Ah yes, the perennial problem where command line flags aren’t recorded in IR, so LTO is broken.

Making codegen decisions based on cl::opt is also LTO-hostile.

See also:
commit fc018ebb608e (“[IR] make -warn-frame-size into a module attr”)
commit 3787ee457173 (“reland [IR] make -stack-alignment= into a module attr”)

To be clear, if -Wl,--plugin-opt= fixes your problem, that is a defect in LLVM. The whole point of IR is to include the necessary info to compile, and if some command line flag doesn’t work with LTO, that’s a sin of omission in the IR.

1 Like

Thanks.

3787ee457173 I actually reverted in my tree because it was causing problems between x264 and ffmpeg (x264 is using a different stack alignment internally).

To be clear, if -Wl,--plugin-opt= fixes your problem, that is a defect in LLVM

I agree - but I’m happy there is a viable workaround.
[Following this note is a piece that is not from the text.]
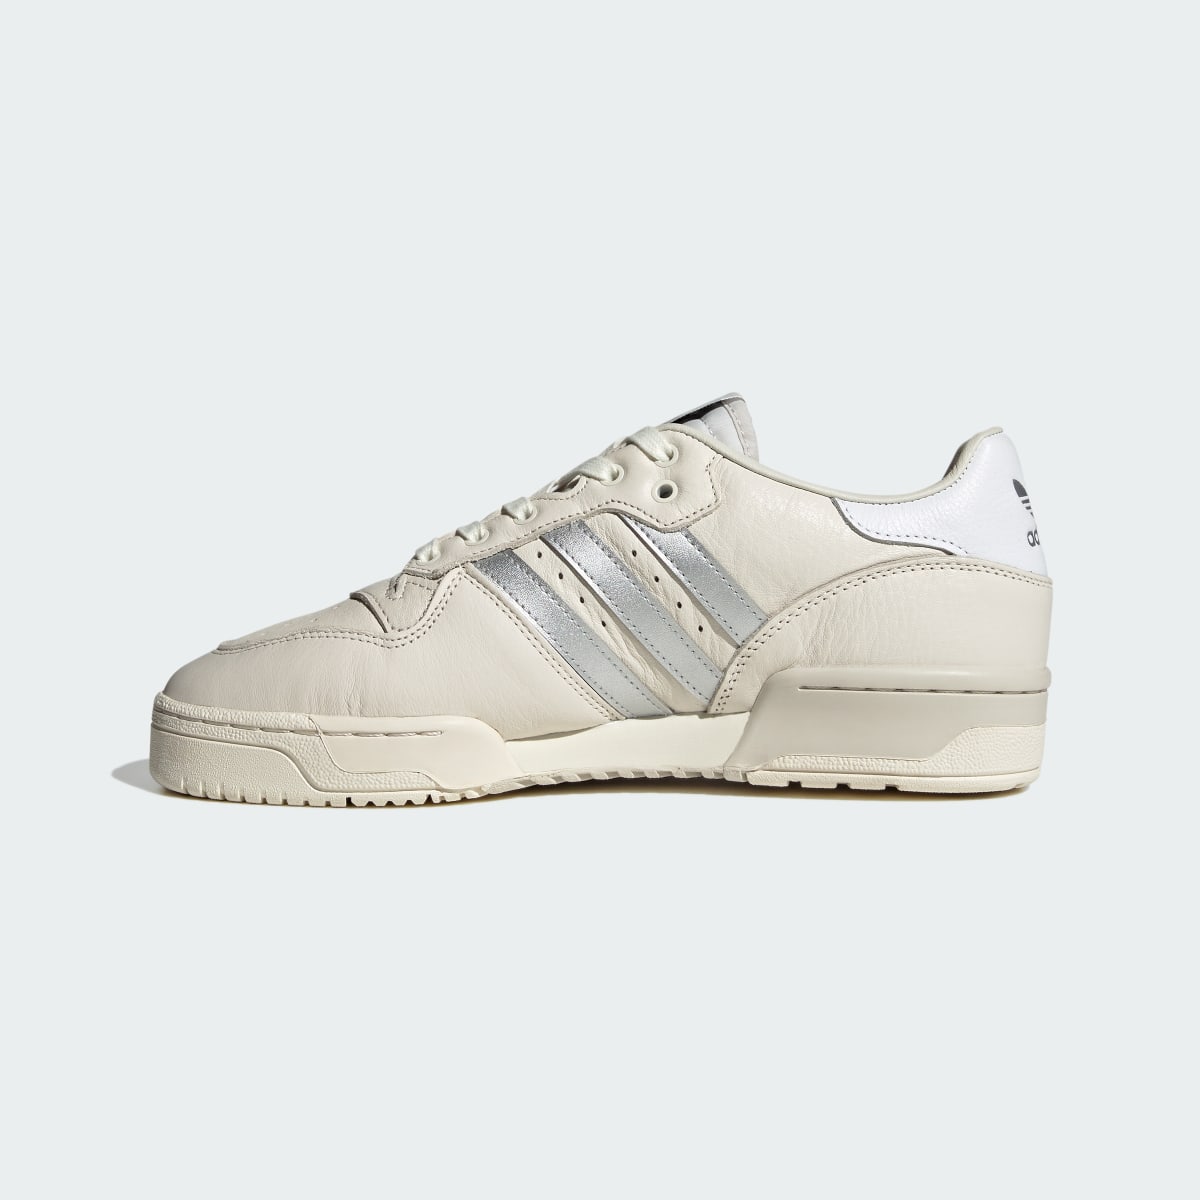 Adidas Rivalry Low Consortium Shoes. 8

BTW, it’s a little unclear to me why the ABI couldn’t be encoded in the triple like in the case of some other targets.

Encoding the ABI in the triple creates combinatorial explosion, since there’s just the one field that covers both libc and other ABI details, and that still doesn’t account for ISA choices which can present incompatibilities (there are various conflicting extensions, because the embedded space wants more choice and to be able to ignore things that it doesn’t need), which by that logic would also need to be encoded in the triple.

1 Like

Ah that makes a lot of sense, thank you.

I’ve been investigating some ABI/target-features related issues on RISC-V for a while, and would like to get this solved. Since this post seems the most closely related, I think further discussion can be had here without introducing too much additional context.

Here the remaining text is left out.